Although the composition ratio of the above-mentioned vitamin and mineral mixtures is mixed with a component suitable for a health food in a preferred embodiment, the compounding ratio may be arbitrarily modified, and the above ingredients are mixed according to a conventional health food manufacturing method. The granules may be prepared and used for preparing a health food composition according to a conventional method.

Formulation Example 7 Preparation of Healthy Drink

Yellow Skyweed Extract Dry Powder 1000 mg

Citric acid 1000 mg

100 g oligosaccharides

Plum concentrate 2 g

1 g of taurine

Add 900 ml of purified water

After mixing the above components in accordance with a conventional healthy beverage production method, and stirred and heated at 85 ℃ for about 1 hour, the resulting solution is filtered and obtained in a sterilized 2 L container, sealed sterilization and then refrigerated and stored in the present invention For the preparation of healthy beverage compositions.

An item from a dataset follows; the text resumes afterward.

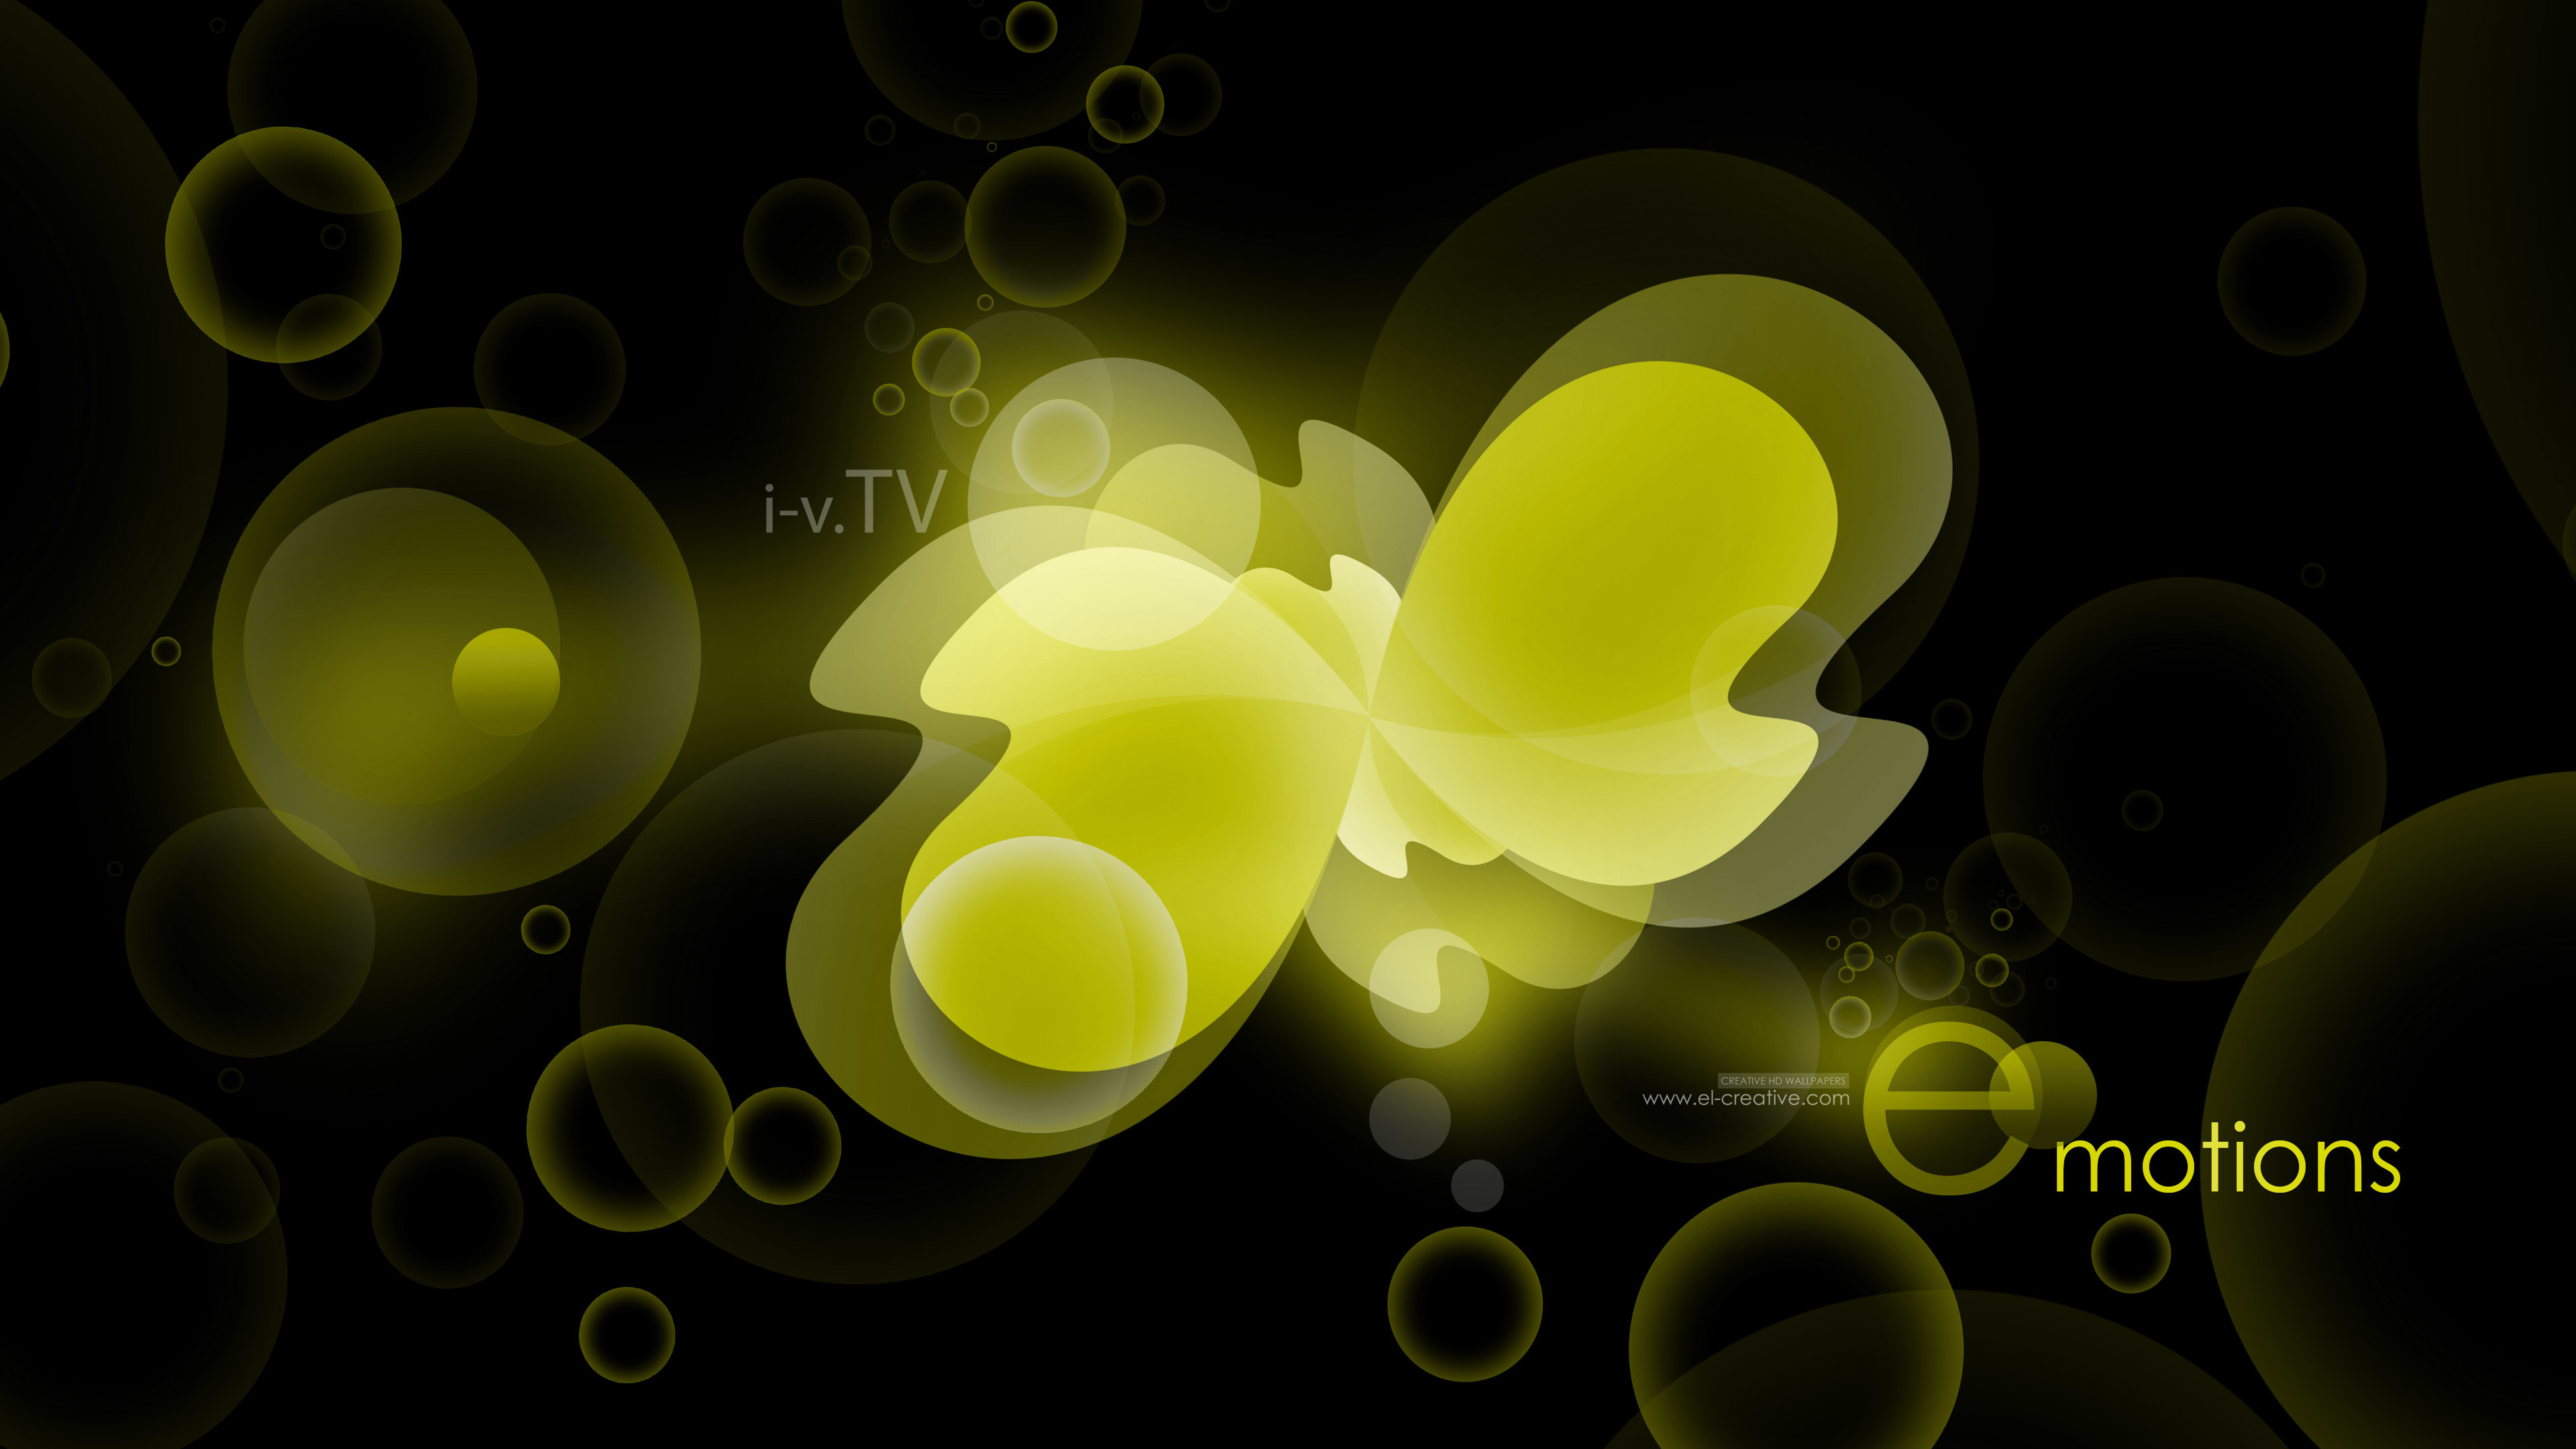 3840x2160 Emotions Petals Abstract Style Tony Art Wallpapers Ino Vision Simple  Creative Bubble. bay window seat ...

Although the composition ratio is mixed with a component suitable for a favorite beverage in a preferred embodiment, the composition ratio may be arbitrarily modified according to regional and ethnic preferences such as demand hierarchy, demand country, and usage.

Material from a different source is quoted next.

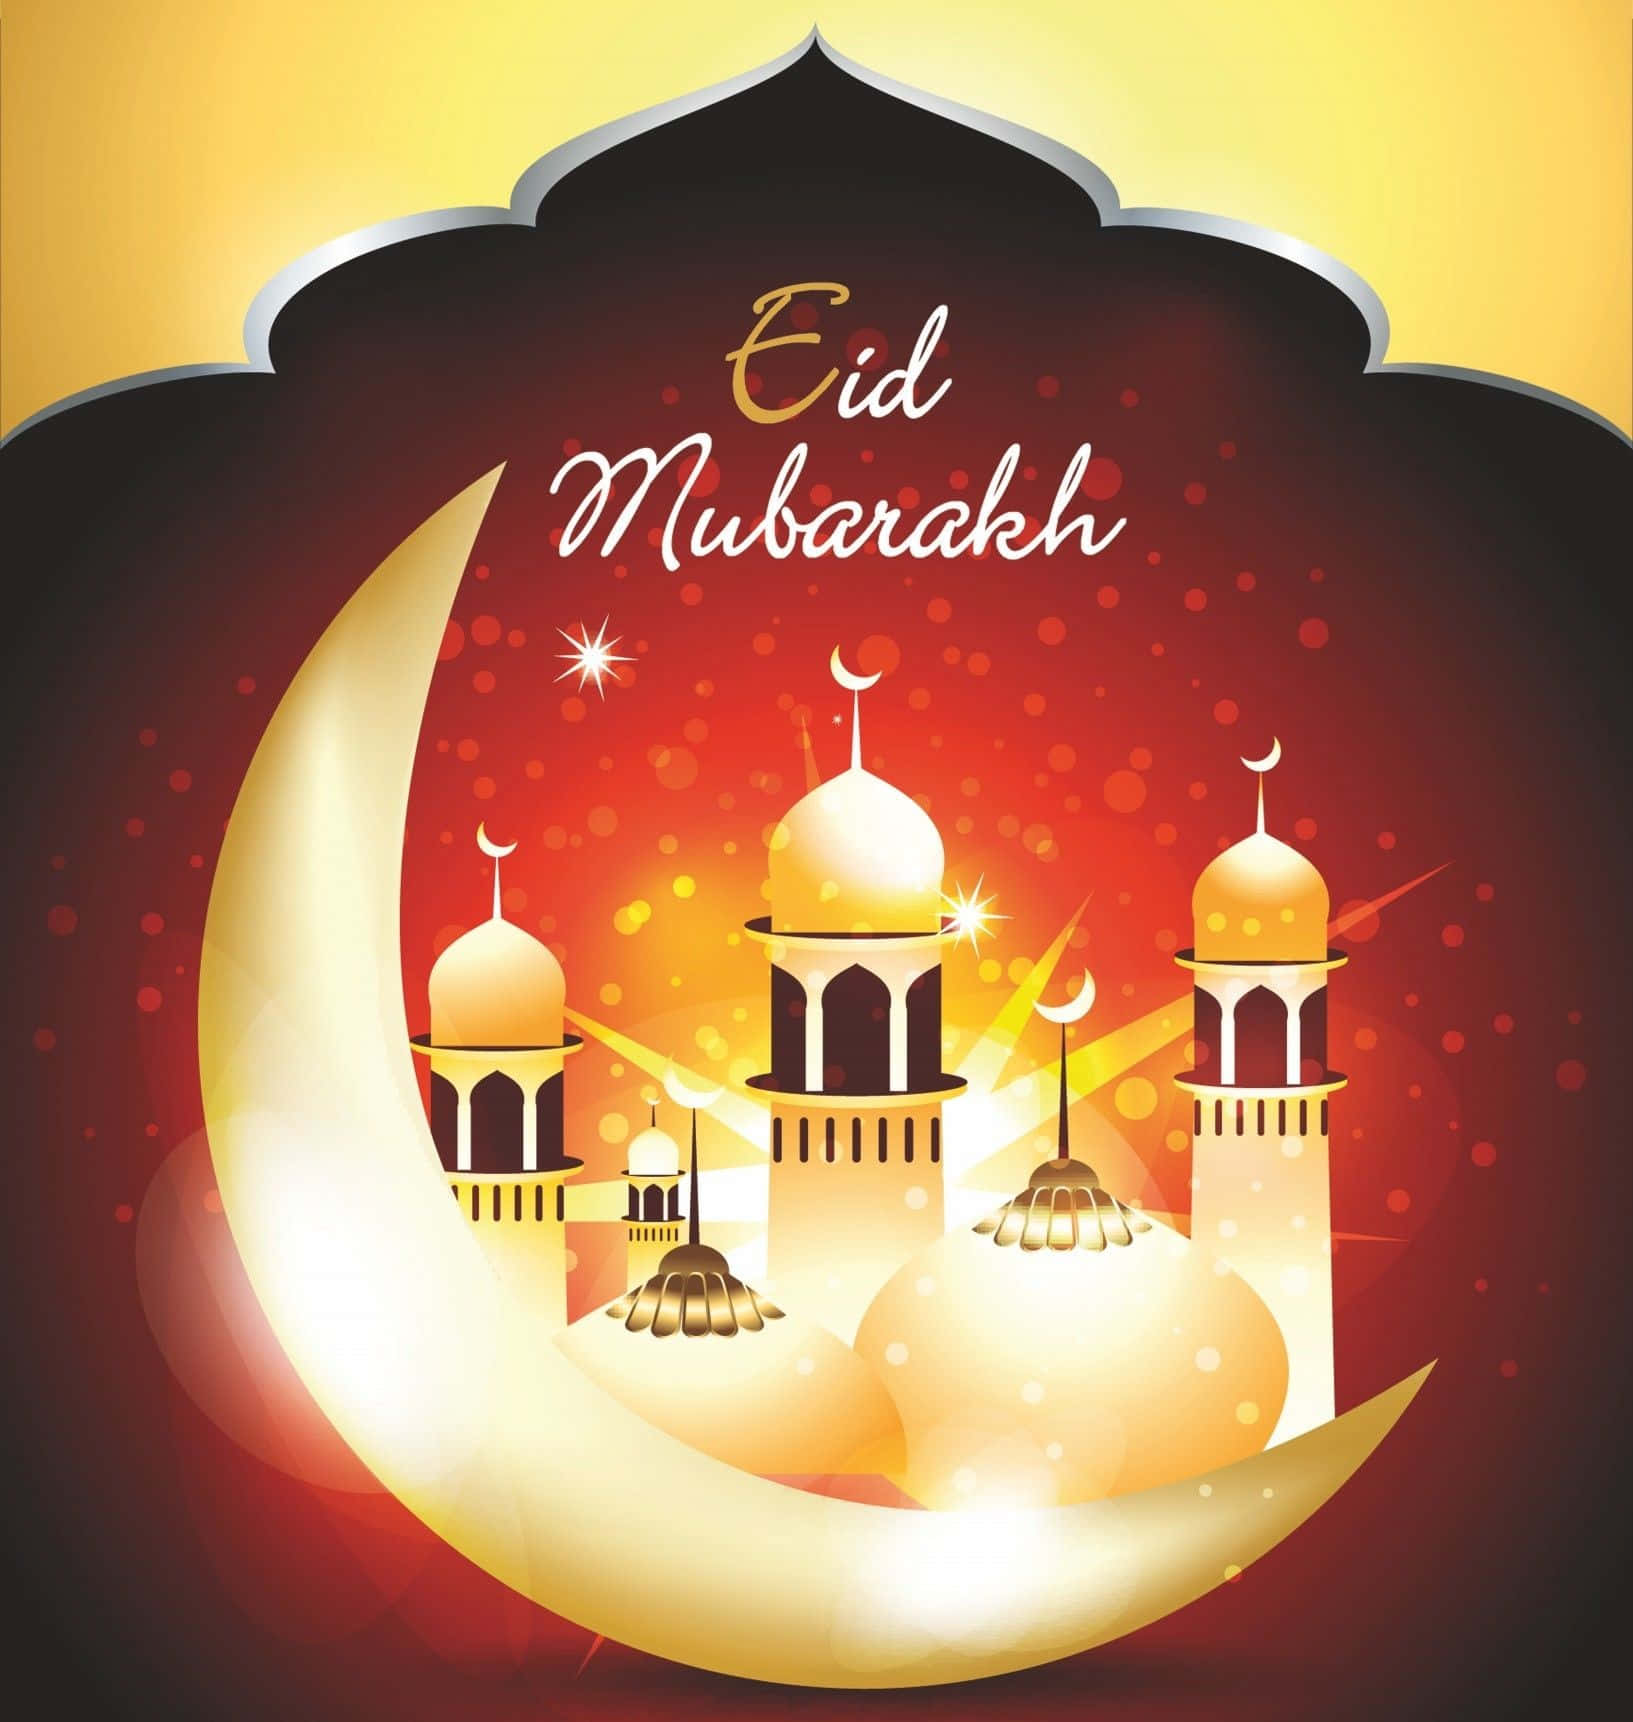 Eid Mubarak Greeting Card With Golden Crescent And Mosque

As described above, the yellow star crude crude extract and the non-polar solvent soluble extract of the present invention exhibit anticancer efficacy and induction of apoptosis of HL-60 leukemia cells, and thus are useful for the prevention and treatment of cancer and leukemia diseases. It can be used as a composition.

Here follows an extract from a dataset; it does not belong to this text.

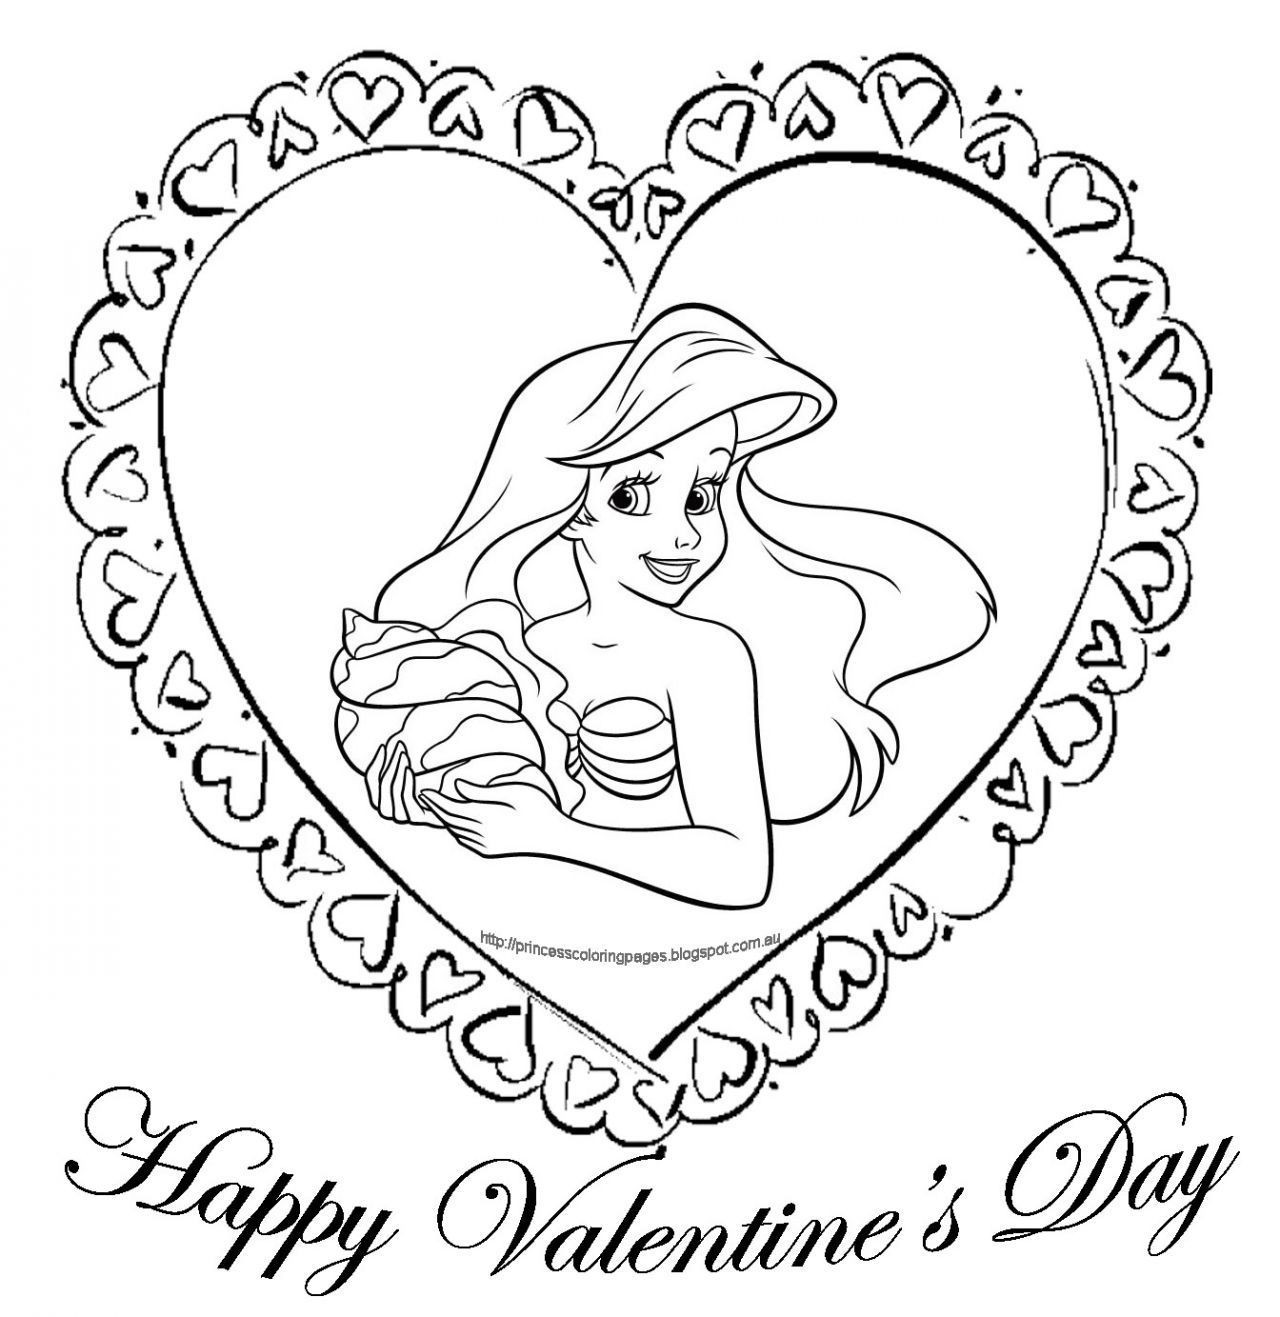 Princess Valentines Day Coloring Pages Wallpaper

Figures 1a and 1b shows the degree of growth inhibition of HL-60 cells of the yellow skyweed extract, Figure 1a is a diagram showing the degree of growth inhibition of HL-60 cells when treated with methanol extracts and solvent-specific fractions of yellow skyflower leaves, 1b is a diagram showing the degree of inhibition of HL-60 cell growth when the ethyl acetate fraction of the yellow leaf was treated at various concentrations.

Figures 2a and 2b shows the DNA fragmentation in HL-60 cells of the yellow starch extract, Figure 2a is a diagram showing the degree of DNA fragmentation when treated with methanol extracts and solvent-specific fractions of yellow skystar leaves, Figure 2b Figure showing the degree of DNA fragmentation when treated with extract for each site,

Figures 3a to 3d shows the effect of apoptosis induction measured by flow cytometry, Figure 3a is a diagram showing the degree of apoptosis when no treatment, Figure 3b is treated with a yellow gingival root extract of 10 ㎍ / ㎖ Figure 3c is a diagram showing the degree of apoptosis of the city, Figure 3c is a diagram showing the degree of apoptosis at the time of treatment with 10 ㎍ / ㎖ yellow celtic seed extract, Figure 3d is treated with 50 ㎍ / ㎖ yellow stalk stem extract Is a diagram showing the degree of apoptosis in the city,

Figure 4a is a diagram showing the degree of activation of caspase-3 (Caspase-3) when treated with the extract and the ethyl acetate fraction of the leaves of each part of the yellow sky, Figure 4b is the extract and leaves of each part of the yellow A diagram showing the segment of PARP when treated with an ethyl acetate fraction.

Claims (9)

A pharmaceutical composition for the prevention and treatment of cancer diseases, including crude extracts of Trichosanthes kirilowii var. Japonica . The pharmaceutical composition according to claim 1, wherein the crude extract is water, C ₁ to C ₄ lower alcohols, and extracts soluble in a mixed solvent thereof. A pharmaceutical composition for the prevention and treatment of cancer diseases comprising a non-polar solvent soluble extract of yellow sky. The pharmaceutical composition according to claim 3, wherein the nonpolar solvent soluble extract is an extract soluble in hexane, chloroform, methylene chloride or ethyl acetate. The pharmaceutical composition according to claim 4, wherein the non-polar solvent soluble extract is an extract soluble in ethyl acetate. The pharmaceutical composition of claim 1 or 3, wherein the cancer disease is leukemia. 4. A pharmaceutical composition according to claim 1 or 3 comprising 0.1 to 50% of said extract relative to the total weight of the composition. A dietary supplement comprising a yellow flyweed extract and a food-acceptable food supplement additive that has a preventive effect on cancer diseases. The health functional food according to claim 8, which is a health beverage.